## Name:

Due October 21st, in lab

This worksheet is intended as a short 60 min exercise to be done in groups of 1-3 people.

## Quaternions

Multiply the complex numbers $a = 3 + 4 i$ and $b = 3 - 4 i$. Note that b is the conjugate of a.

We will show that if we have a quaternion $q = (1, -1, 0, 1)$, that $q q^{-1} = (0, 0, 0, 1)$. A quaternion $q = (x, y, z, w)$ is often denoted $q = (\mathbf{v}, w)$, where $\mathbf{v} = (x, y, z)$ is the vector part and $w$ is the scalar part. Quaternions extend the complex numbers. With this perspective, a quaternion corresponds to $q = x\hat{i} + y\hat{j} + z\hat{k} + w$, where $\hat{i}^2 = \hat{j}^2 = \hat{k}^2 = -1$.

Recall that

$q^{-1} = \frac{\bar{q}}{||q||^2}$

where

$\bar{q} = (-\mathbf{v}, s)$

Given $q = (1, -1, 0, 1)$. Compute the following expressions

• $||q||^2$

• $\bar{q}$

• $q^{-1}$

Let $q_1 = q$ and $q_2 = q^{-1}$. If $q_1 = (\mathbf{v_1}, w_1)$ and $q_2 = (\mathbf{v_2}, w_2)$, then

$q_1 q_2 = (w_1 \mathbf{v_2} + w_2 \mathbf{v_1} + v_1 \times v_2, w_1 w_2 - \mathbf{v_1} \cdot \mathbf{v_2})$

Compute the following expressions

• $w_1 \mathbf{v_2}$

• $w_2 \mathbf{v_1}$

• $\mathbf{v_1} \times \mathbf{v_2}$

• $w_1 w_2$

• $\mathbf{v_1} \cdot \mathbf{v_2}$

• $w_1 w_2 - \mathbf{v_1} \cdot \mathbf{v_2}$

• $q q^{-1}$

## Angle/Axis

Which subset of quaternions correspond to rotations?

Recall that the relationship between some quaternions and an angle/axis rotation is

$q = \left[\sin(\frac{\theta}{2}) \hat{u}, \cos(\frac{\theta}{2})\right]$
• What is the quaternion corresponding to a 30 degree rotation around the Y axis?

• Suppose we have a quaternion [0.18301, 0.18301, 0, 0.9659]. What is the angle and axis corresponding to this quaternion?

## Matrix

In class, we derived the rotation matrix corresponding to a quaternion $q = (x, y, z, w) = (\bar{v}, w )$.

$\left( \begin{array}{ccc} 1-2(y^2+z^2) & 2(x y - w z) & 2(x z + w y) \\ 2(x y + w z) & 1-2(x^2+z^2) & 2(y z - w x) \\ 2(x z - w y) & 2(y z + w x) & 1-2(y^2+x^2) \\ \end{array} \right)$

Suppose we have a quaternion corresponding to a 45 degree rotation around the Z axis. Verify that the matrix above reduces to a Z rotation matrix $R_Z(45)$.

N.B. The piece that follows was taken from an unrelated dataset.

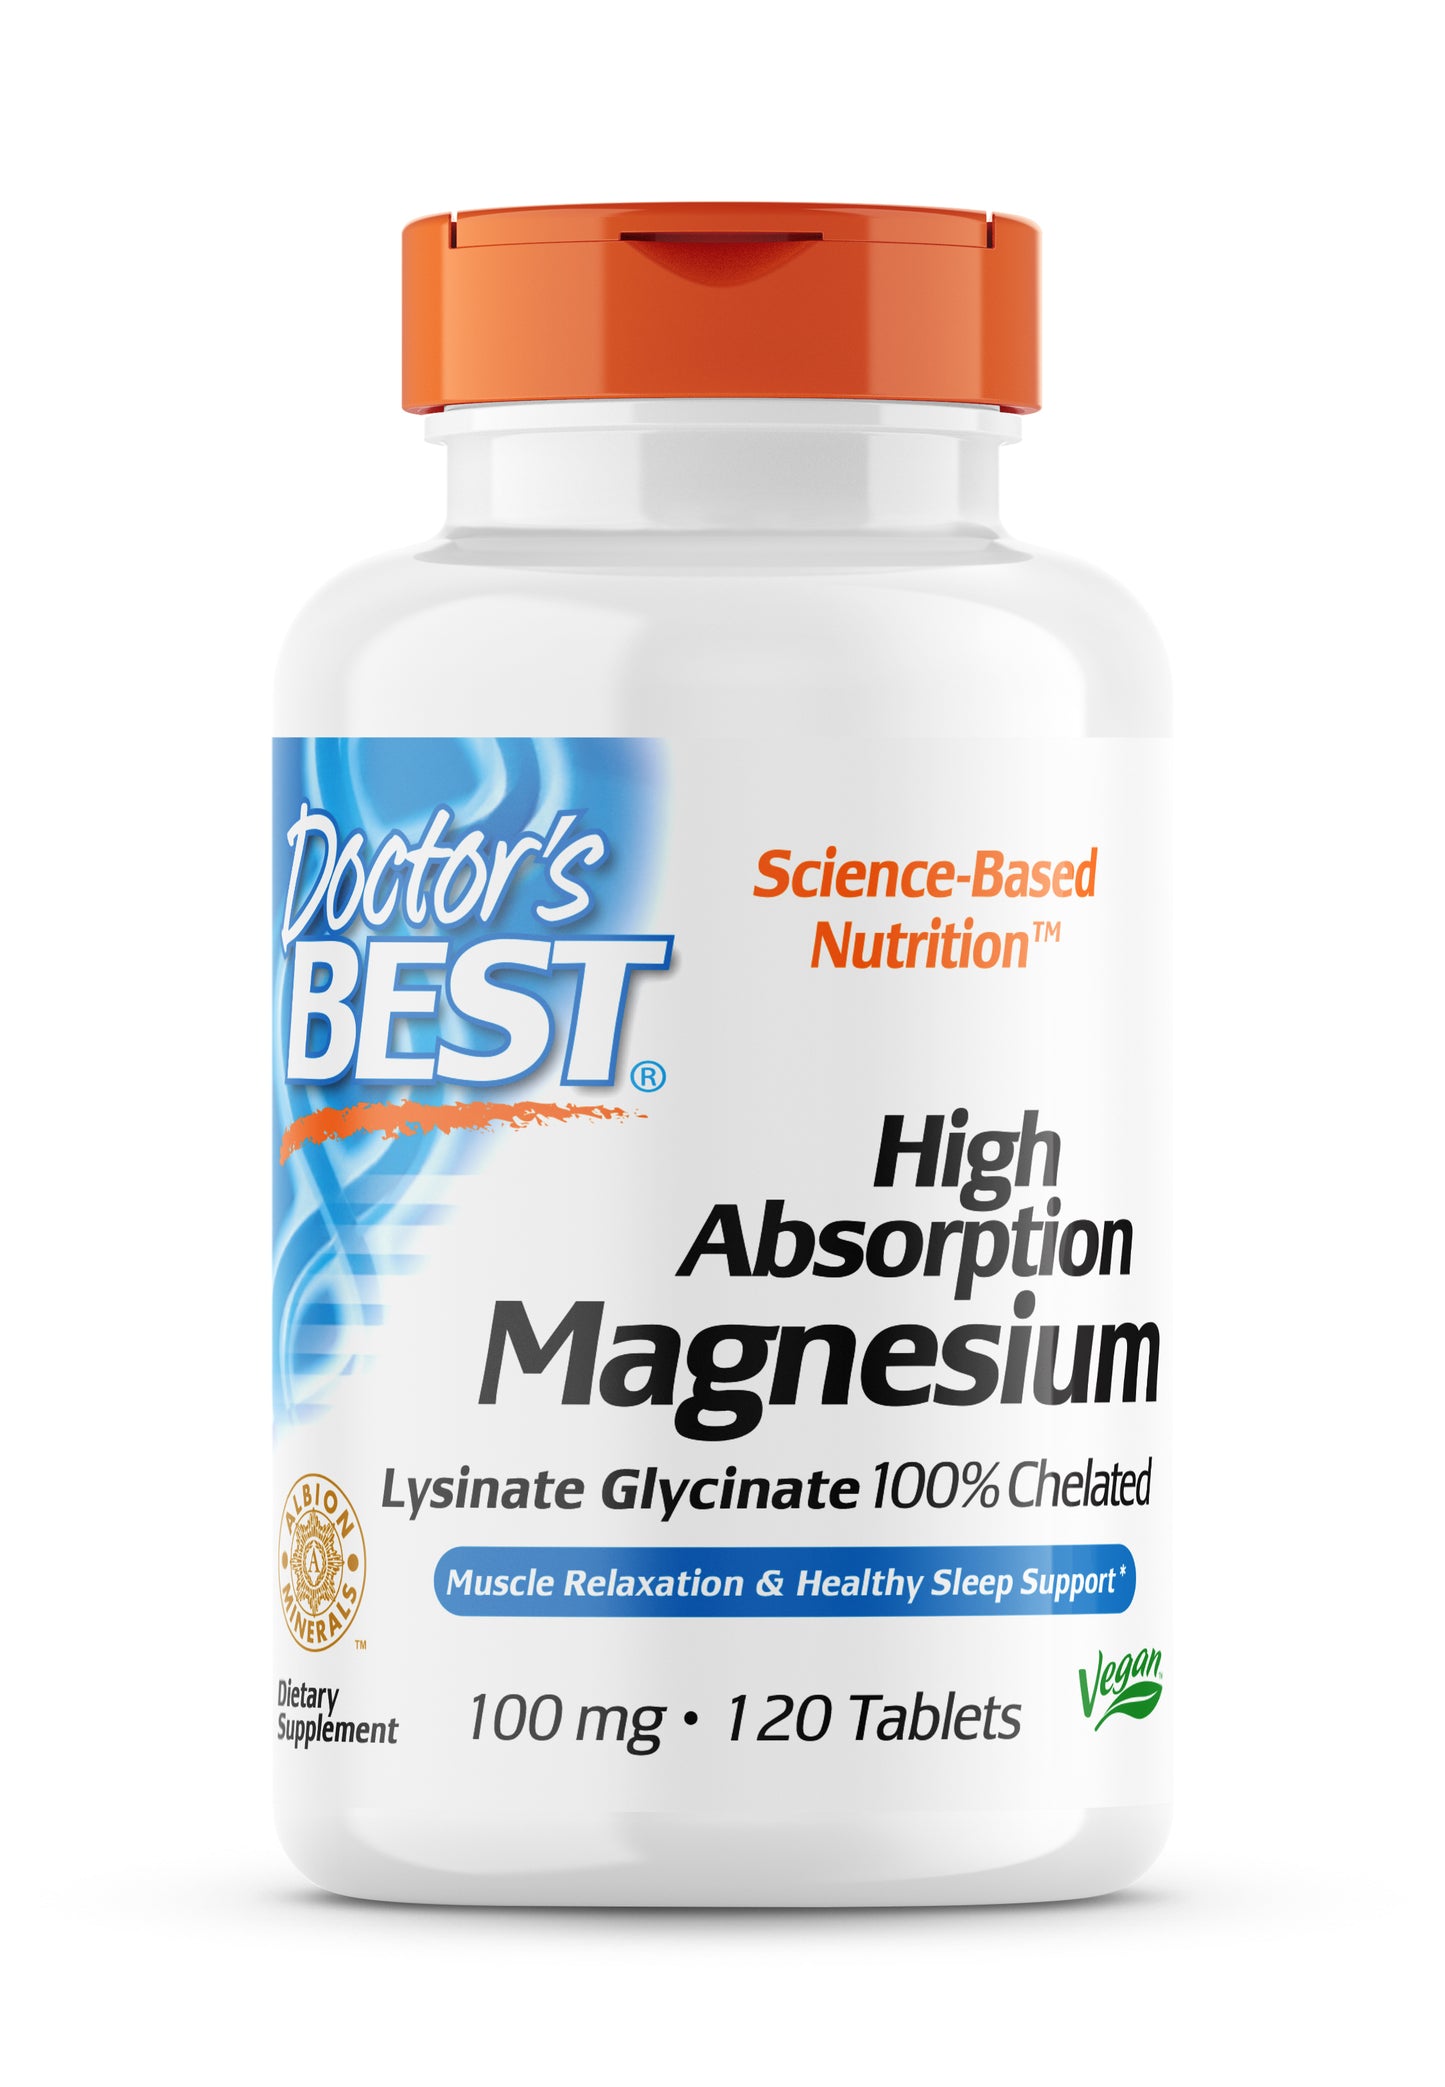 Doctor's Best High Absorption Magnesium 100mg, 120 tabs
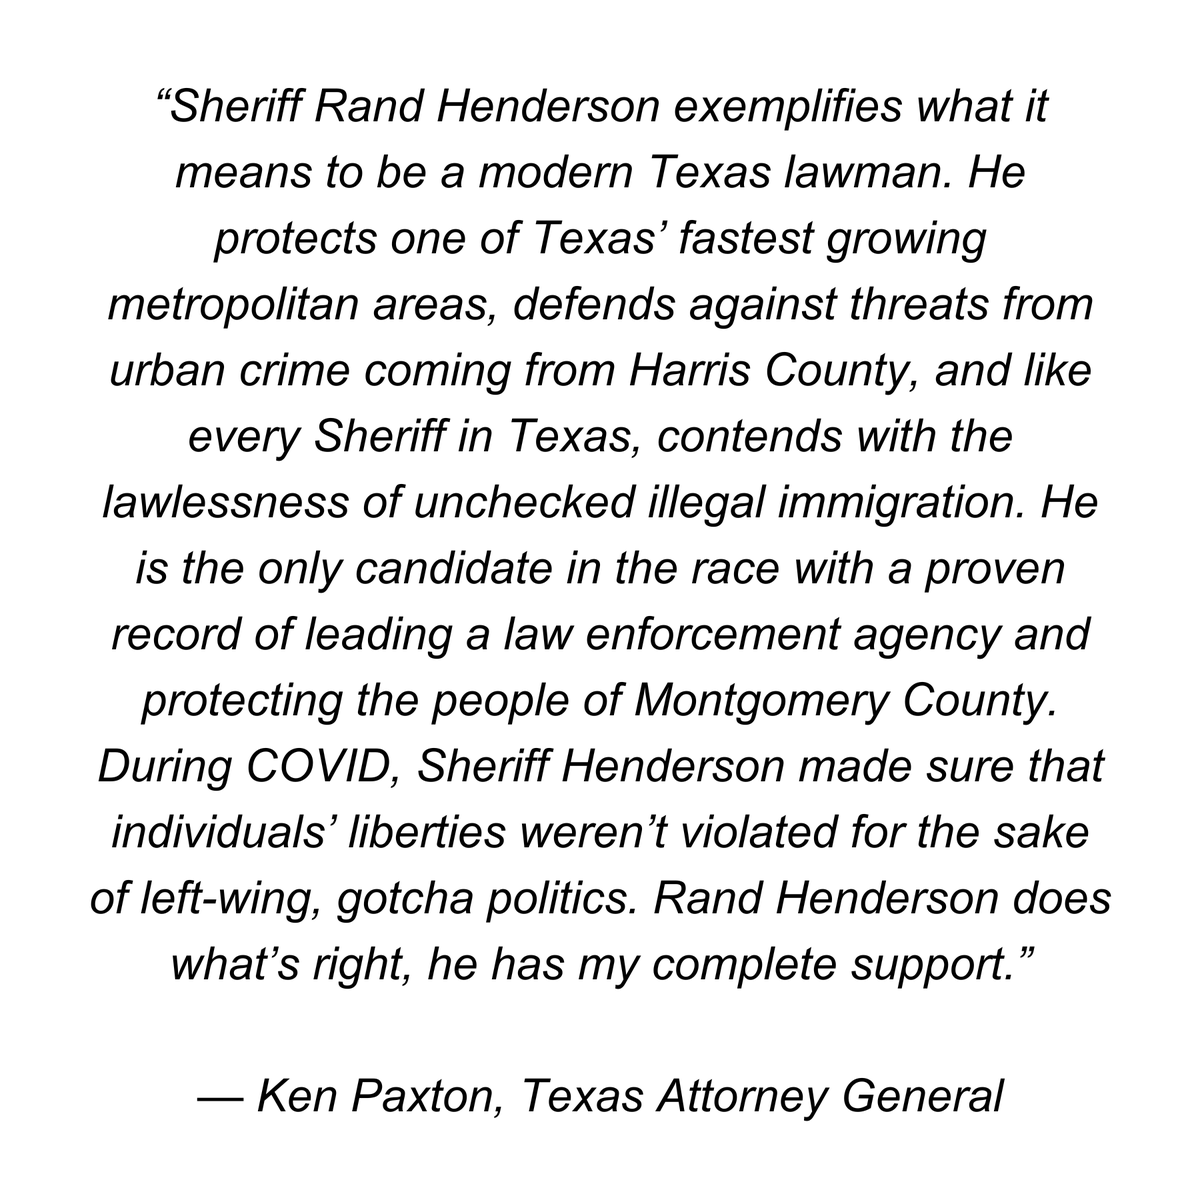 “Sheriff Rand Henderson exemplifies what it means to be a modern Texas lawman...Rand Henderson does what’s right, he has my complete support.” — @KenPaxtonTX, Texas Attorney General

Recall the algorithm for extracting a quaternion from a rotation matrix.

• solve for $w^2$, $x^2$, $y^2$, and $z^2$

• Find the term with the largest value

• Based on the largest component, compute the remaining terms using the off-diagonal matrix elements.

For example, if $w^2$ is the largest, we would then solve for x, y, and z using the expressions for $w x$, $w y$, and $w z$.

Consider the matrix $R_Z(45)$ from the previous question. Apply this algorithm to obtain the original quaternion back.